FATAL is a bit harsh, ERROR seems more appropriate.

    o I'm suspicious of the OldSerXidPagePrecedesLogically() logic
      with 32k BLCKSZ. In that case, OLDSERXID_MAX_PAGE is a larger
      than necessary to cover the whole range of 2^32 transactions,
      so at high XIDs, say 2^32-1, doesn't it incorrectly think
      that low XIDs, say 10, are in the past, not the future?

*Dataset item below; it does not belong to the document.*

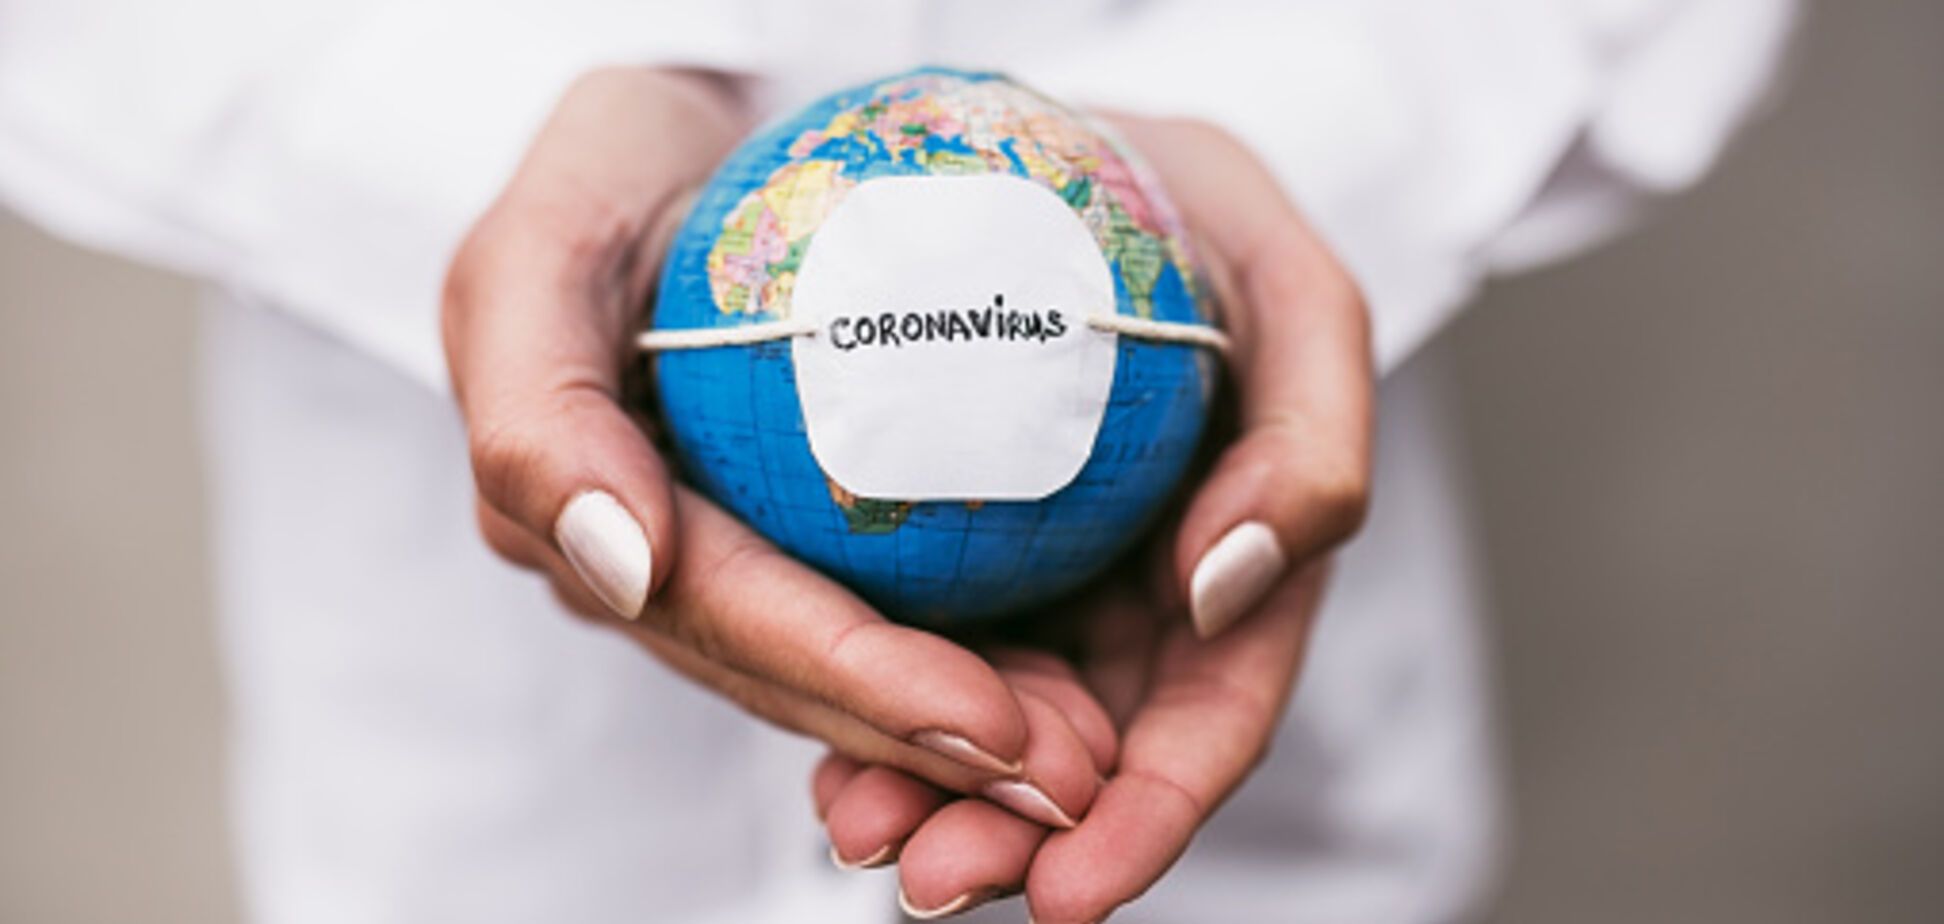 Бразилия может стать новым эпицентром COVID-19: статистика по коронавирусу на 1 июня. Постоянно обновляется

I will look that over to see; but if this is broken, then one of the
other SLRU users is probably broken, because I think I stole this
code pretty directly from another spot.

It was copied from async.c, which doesn't have this problem because it's not mapping XIDs to the slru. There, the max queue size is determined by the *_MAX_PAGE, and you point to a particular location in the SLRU with simply page+offset.

/*
  * Keep a pointer to the currently-running serializable
  * transaction (if any) for quick reference.
  * TODO SSI: Remove volatile qualifier and the then-unnecessary
  * casts?
  */
static volatile SERIALIZABLEXACT *MySerializableXact =
                     InvalidSerializableXact;

* So, should we remove it? In most places where contents of
    MySerializableXact are modified, we're holding
    SerializableXactHashLock in exclusive mode. However, there's
    two exceptions:

    o GetSafeSnapshot() modifies MySerializableXact->flags without
      any lock. It also inspects
      MySerializableXact->possibleUnsafeConflicts without a lock.
      What if somone sets some other flag in the flags bitmap just
      when GetSafeSnapshot() is about to set
      SXACT_FLAG_DEFERRABLE_WAITING? One of the flags might be lost
      :-(.

    o CheckForSerializableConflictIn() sets SXACT_FLAG_DID_WRITE
      without holding a lock. The same danger is here if someone
      else tries to set some other flag concurrently.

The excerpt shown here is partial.